Le Guin describes the Angyar as having dark skin and light hair, while the Ogiyor have light skin and dark hair. This performs something of a reversal from the common trope, in both fantasy and real life, of having the so-called "higher" races, with more advanced civilization and a right to rule, marked by their lighter complexions. The obvious point of contrast here is Faramir's speech in The Two Towers describing the racial hierarchy of Numenoreans, "middle men," and indigenous inhabitants of Middle-earth -- though it should be noted that Le Guin had not yet read Tolkien when she wrote Rocannon's World.

Le Guin seems to be attempting a small gesture of racial justice here, by putting dark-skinned people on top -- though in giving them blond hair, she also distances them from association with any specific real-world race.
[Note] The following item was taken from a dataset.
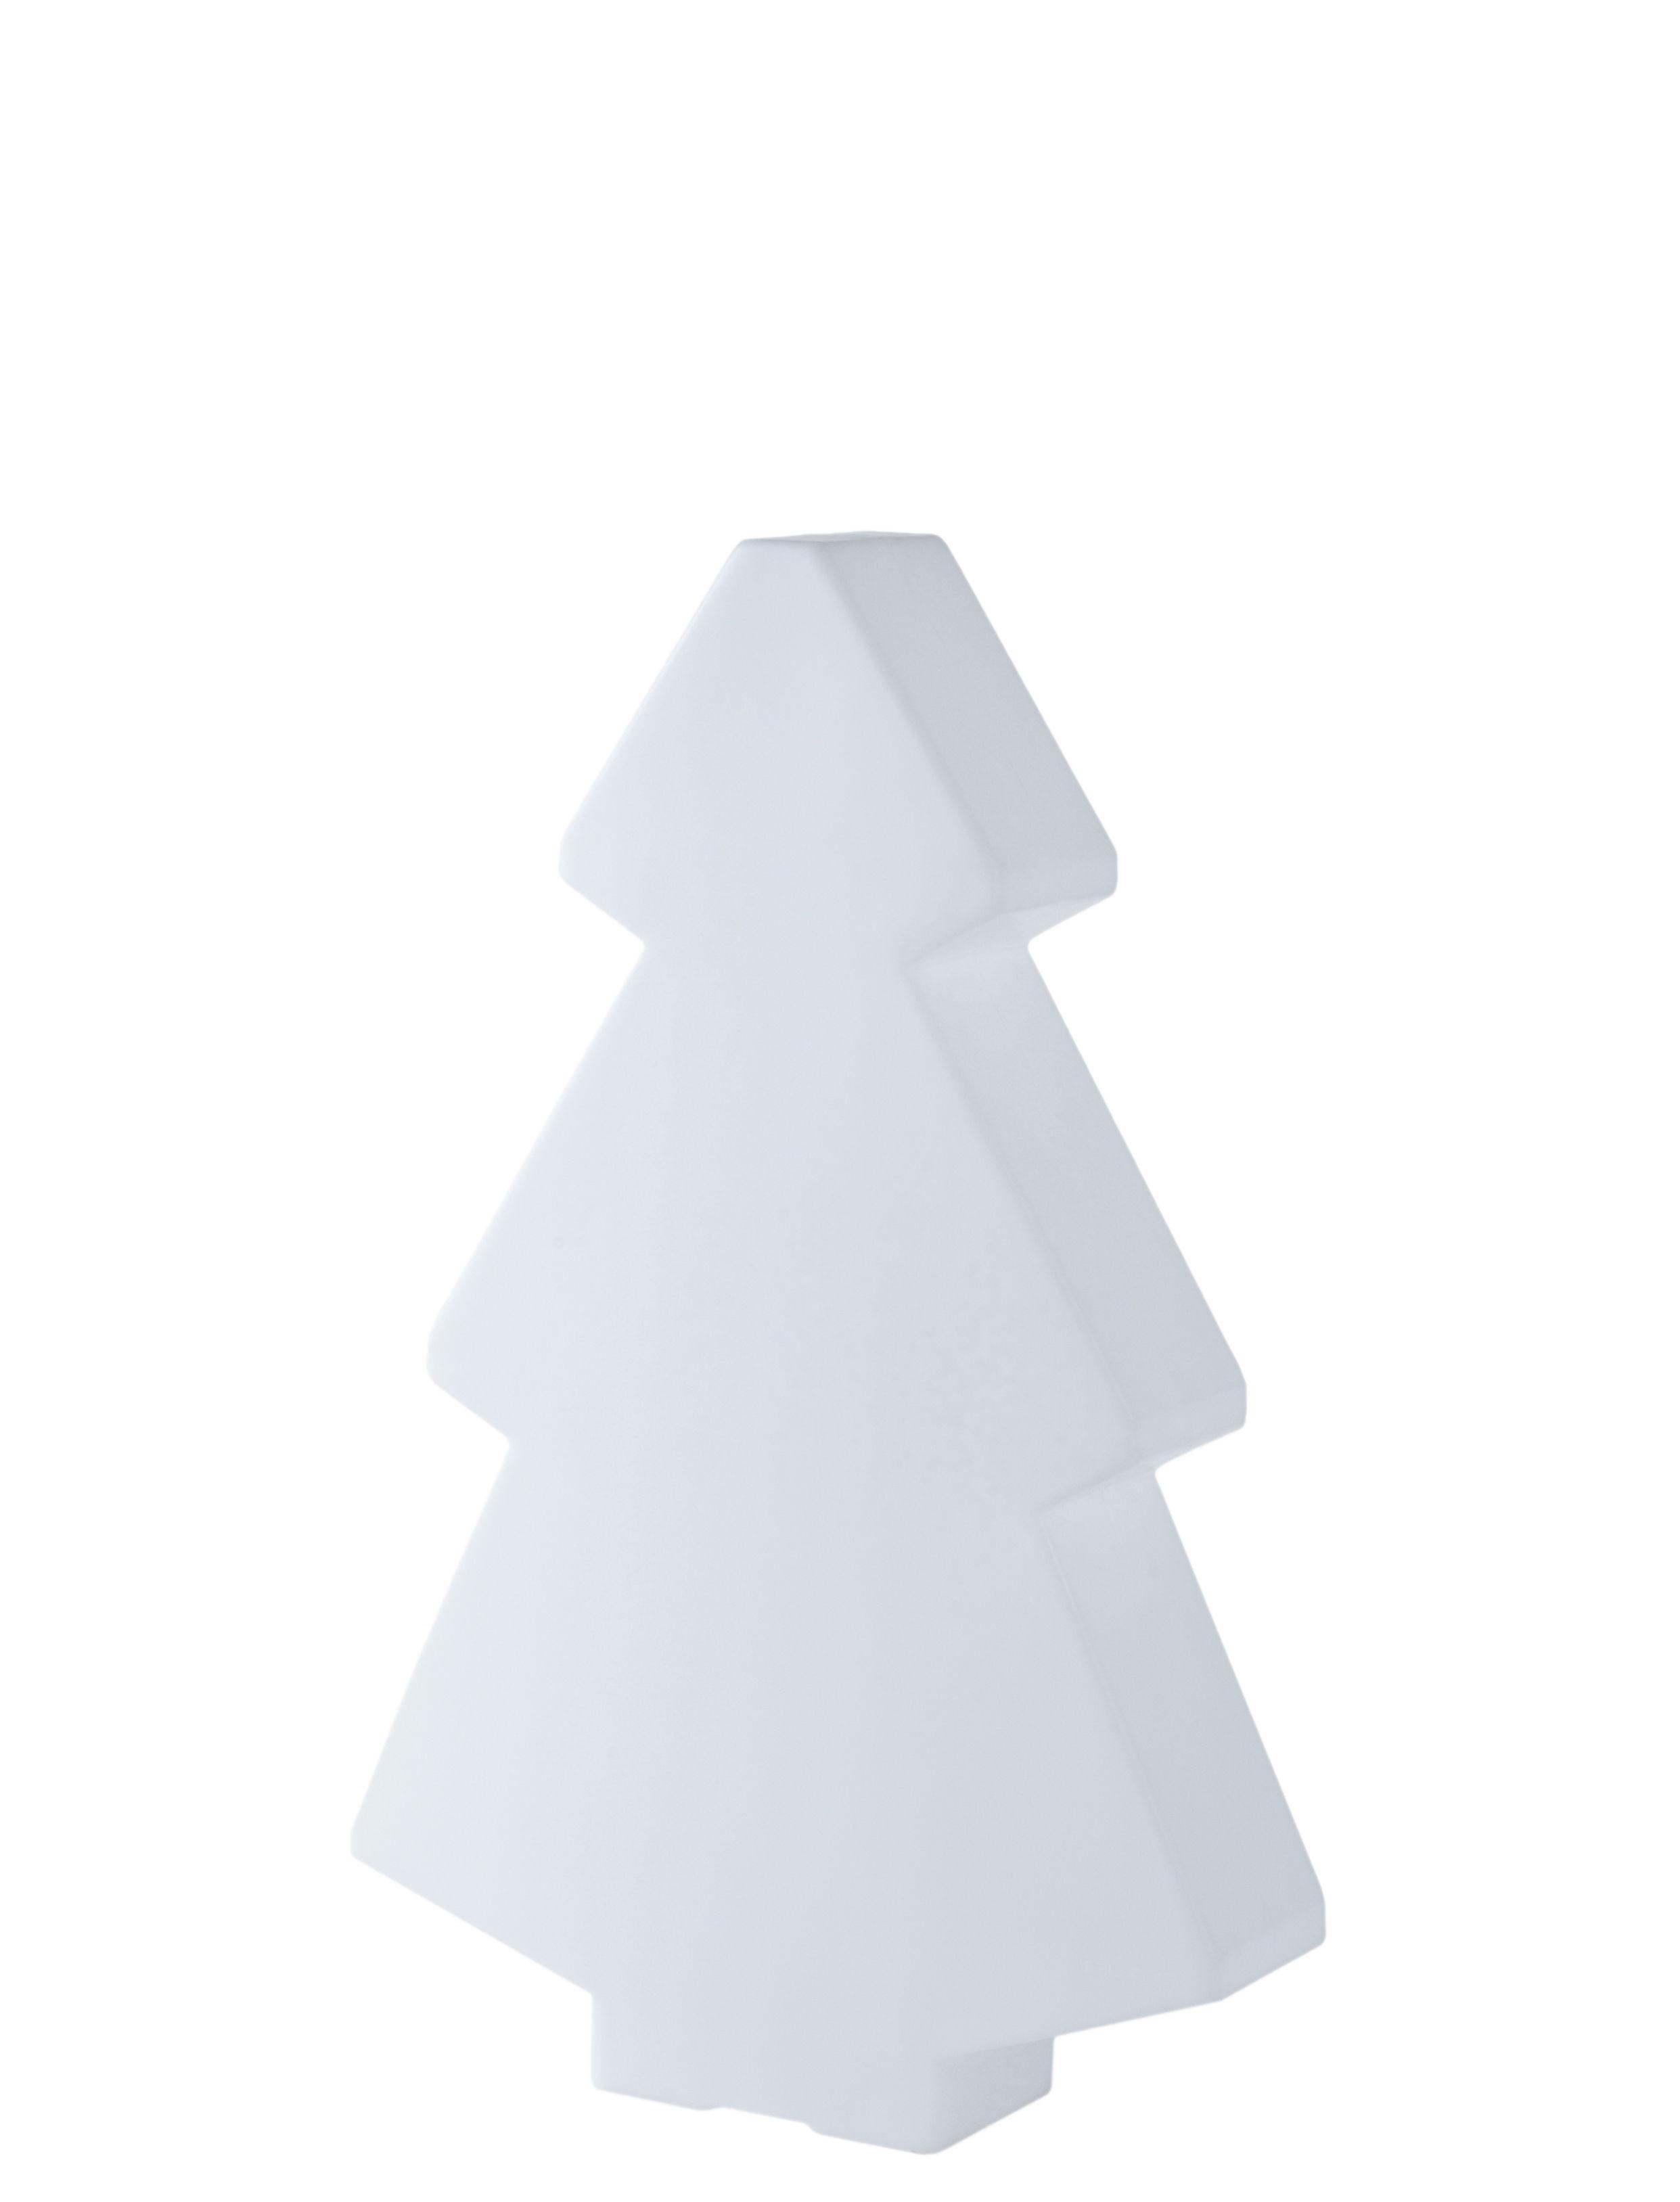 Illuminazione - Lampade da tavolo - Lampada da tavolo Lightree Indoor - H 45 cm - Per l'interno di Slide - Bianco - Polietilene riciclabile a stampaggio rotazionale

This is a trope she will return to, notably in the Earthsea books and Five Ways to Forgiveness. Each iteration becomes more sensitive and better executed. Here in Rocannon's World, it is a fairly crude reversal, maintaining the idea of the racial hierarchy while swapping out the skin colors. By the standards of 1966, that may have been enough, but it's unsatisfying today. It's worth noting that nearly all of the covers I could find for this book depict Rocannon -- who is light-skinned -- alone riding his windsteed. It's a kind of whitewashing by omission, just neglecting to show the dark-skinned major characters. There is, however, a small amount of fan art if you search for the name of the book and some of the Angyar characters.

Rocannon's primary relationships are with the ruling Angyar. This reflects the way that anthropologists often end up working through powerful brokers in the communities they study. Having good relationships with local leaders certainly makes it easier to gain permission to be in a place, move about freely, and ask questions. But it comes with both explicit and implicit pressures to take the side of those leaders in conflicts within the community, turning the anthropologist into a potential tool for reinforcing their power. Contemporary anthropologists wrestle with this issue extensively, whereas Rocannon seems to have just accepted his position as a guest and ally of the Angyar.
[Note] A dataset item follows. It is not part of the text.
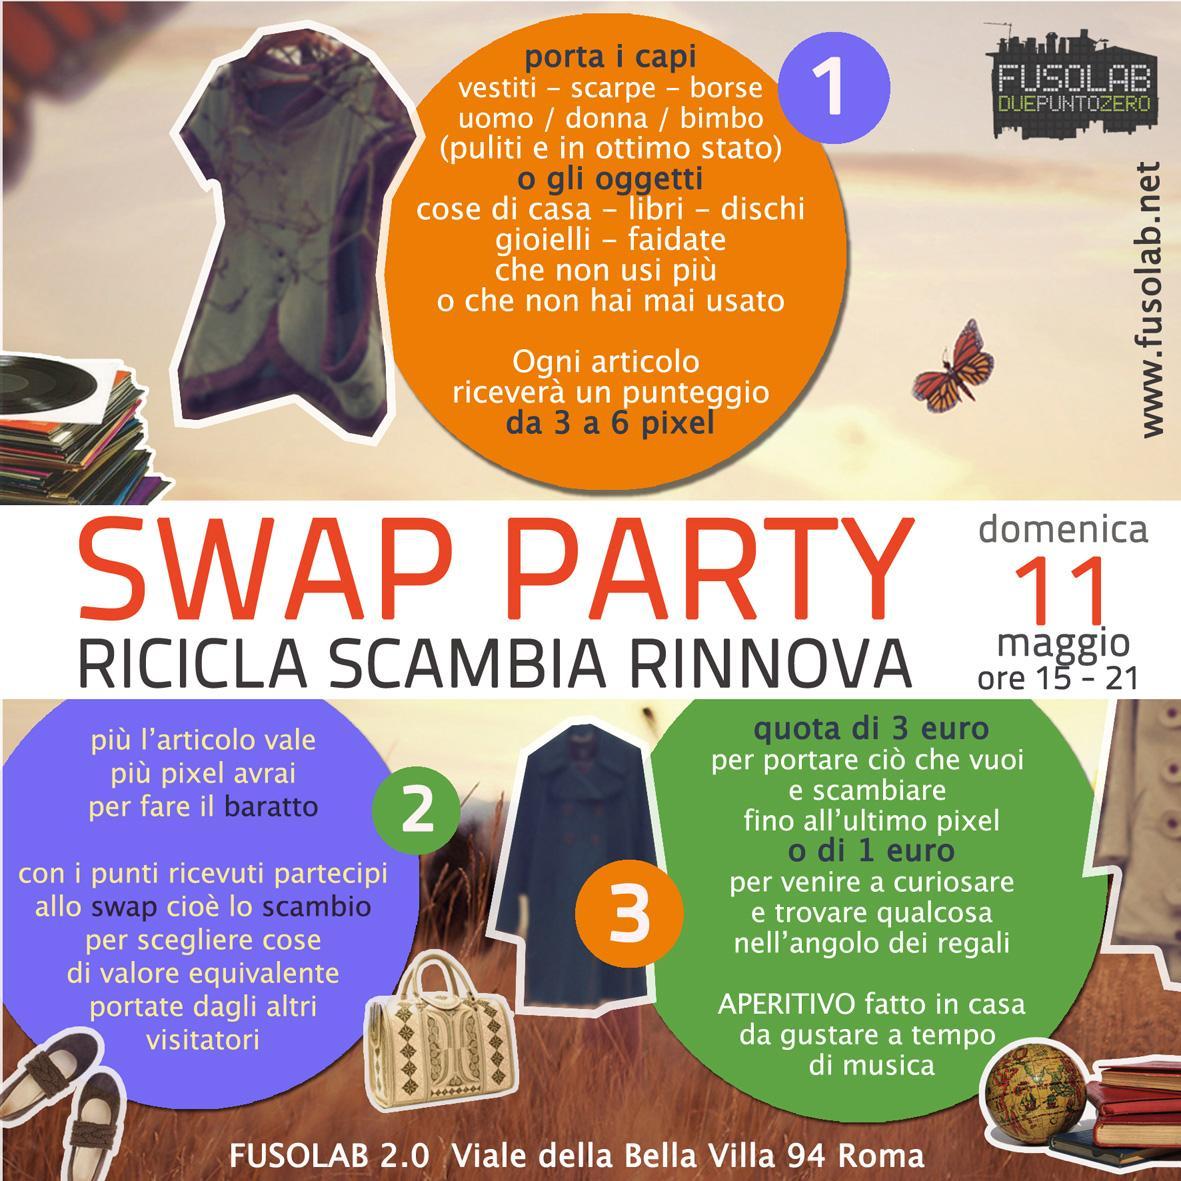 20140511 Swap Party Retro web

As a geographer, I can hardly pass up commenting on the fact that the quest is made possible by obtaining a set of latitude-longitude coordinates. There is a tension in many fantasy works between the iconic overview maps provided to the reader, and the limited geographical knowledge held by characters within the story as they set out on their quest -- captured by Frodo's line in The Fellowship of the Ring, "I will take it, though I do not know the way." Science fiction, on the other hand, commonly applies the trope of cartesian coordinates to the vastness of interstellar space.

Like Frodo, Rocannon will have to rely on the skills and knowledge of local inhabitants to guide him across the landscapes and seascapes of Fomalhaut II. But he also has a map, and in fact it's only because of his map that anyone involved knows where to go. Le Guin never drew a pictorial map of the planet, but the book opens with a verbal map, describing the shapes and relationships of its main landmasses. Rocannon's understanding of the world began with this high-level mapping, presumably accomplished by telescope and remote sensing before anyone landed on the surface. The Hainish have imposed an abstract geographical grid onto the world, which they can use to move about and reference places. Rocannon's job as an anthropologist is to fill in that grid with detailed place-based knowledge. This is, as I suggested earlier, a book about different ways of relating to places.

To close our discussion, we should note that this book marks the introduction of one of Le Guin's most notable bits of technological worldbuilding, the ansible. While faster than light travel remains impossible for her characters in the Hainish universe, instantaneous communication is possible. She gives little thought to the physics of how such a thing might work. She's more interested in its implications. She's writing about a universe in which ideas move faster than people, and thus where cultural clash is more important than military conquest. That sets the tone for a lifetime of writing.